En utilisant les hashtags #StopLoaningKenya (Arrêtez de prêter au Kenya) et #StopGivingKenyaLoans (Arrêtez de faire des prêts au Kenya), les Kenyans ont rejeté le prêt et ont exprimé leurs frustrations à l’égard du FMI pour avoir approuvé une dette supplémentaire dans ce qu'ils considèrent comme un autre fardeau pour le remboursement de la dette nationale, à un moment où la corruption et l'utilisation abusive des fonds publics se sont intensifiées. Le prêt actuel est destiné à financer une réponse à la pandémie COVID-19.

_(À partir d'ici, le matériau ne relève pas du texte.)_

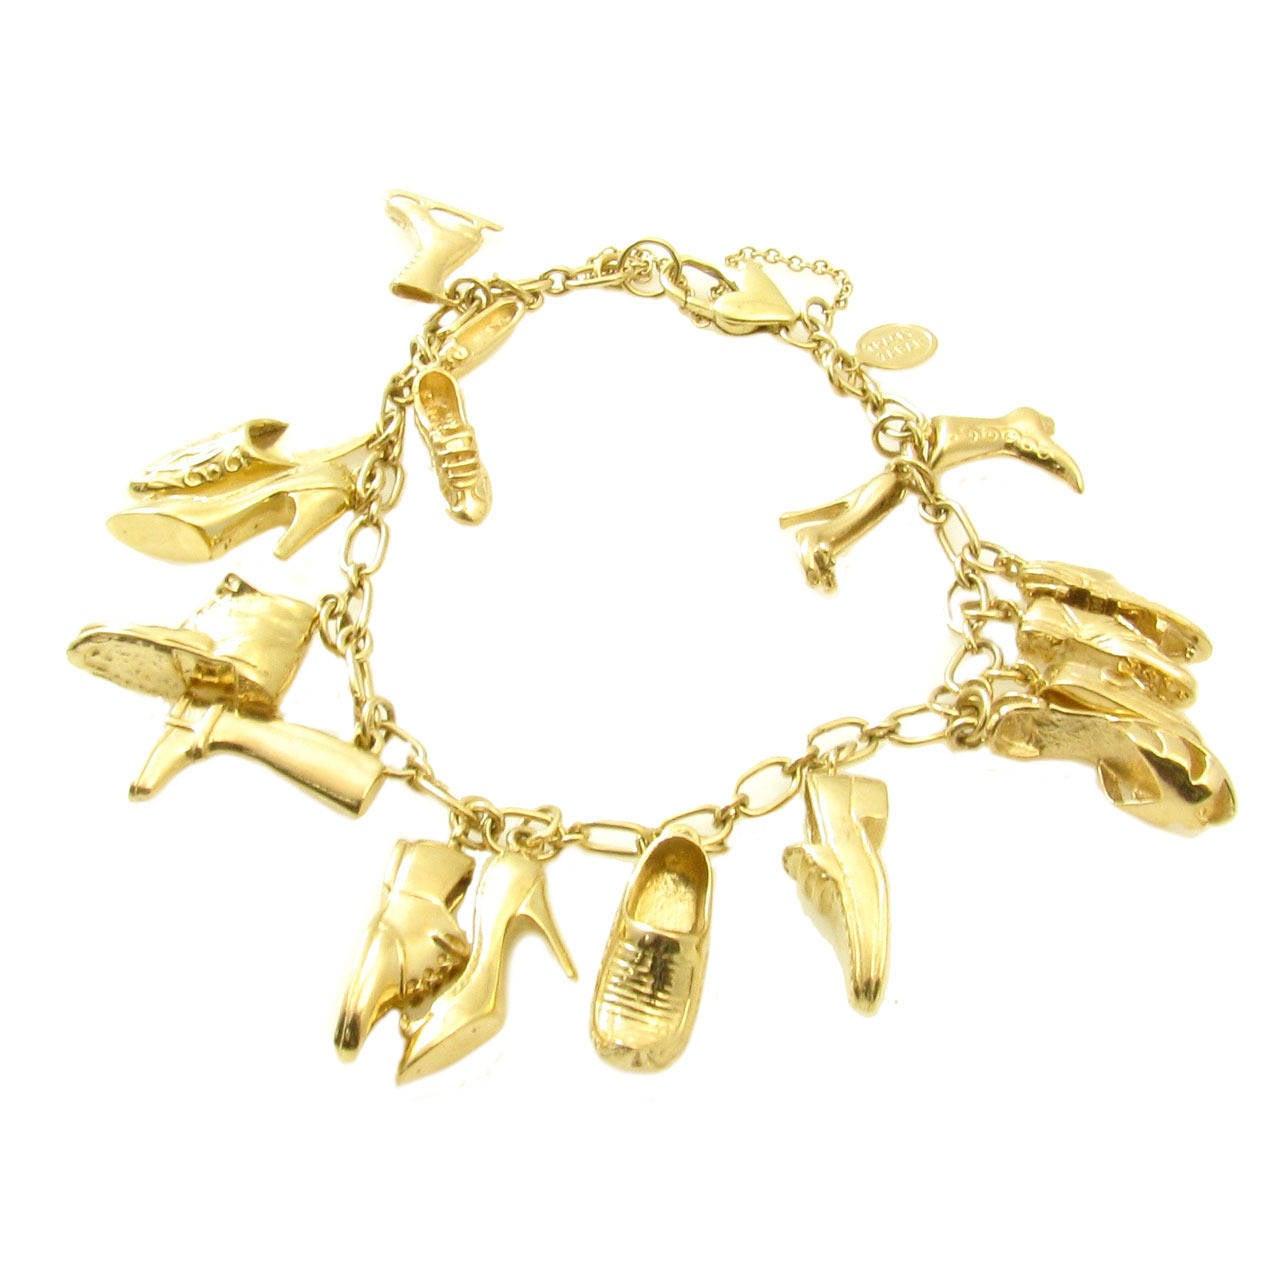 Shoe Charm Bracelet: Tracey Zabar Gold Shoe Charm Bracelet. At 1stdibs

Kenyans on FB and Twitter rejection of IMF lending Kenya government’s more money is a fascinating sign of things to come in global finance. Government might not care, but IMF is definitely sensitive to bad PR.
— Grant (@GrantBrooke) April 5, 2021
Le rejet par les Kényans sur FB et Twitter des prêts du FMI au gouvernement kenyan est un signe fascinant de l'avenir la finance mondiale. Le gouvernement ne s'en soucie peut-être pas, mais le FMI est définitivement plus sensible à à de mauvaises relations publiques.
Au cours des 12 derniers mois seulement, le Kenya a reçu 6,4 milliards de dollars sous forme de subventions et de prêts pour la réponse au COVID-19, selon une liste compilée par Mary Mukami, comptable de profession et utilisatrice des médias sociaux, à partir d'une couverture médiatique.
704 Billion in just one year for COVID Response? Kenyans demand an explanation from GOK!!!! Lazima #Kijulikane pic.twitter.com/Wam5K4vbtP
— Hustler 031 (@_Hustler031) April 5, 2021
704 milliards en seulement un an pour la réponse COVID? Les Kenyans exigent une explication du GOK !!!! Lazima #Kijulikane pic.twitter.com/Wam5K4vbtP
— Hustler 031 (@_Hustler031) 5 avril 2021
Alors que beaucoup d’utilisateurs des réseaux sociaux dirigeaient leurs frustrations à l’égard du FMI, la plupart étaient en colère contre le président Uhuru Kenyatta et son gouvernement pour avoir continué à accabler les Kenyans de créances douteuses et pousser le pays plus profondément dans l'endettement, malgré une corruption accrue et un manque de transparence. À l'aide de captures d'écran des titres de journaux, de nombreux utilisateurs de Twitter ont donné leurs nombreuses raisons et preuves pour lesquelles le FMI devrait cesser d'accorder des prêts au Kenya.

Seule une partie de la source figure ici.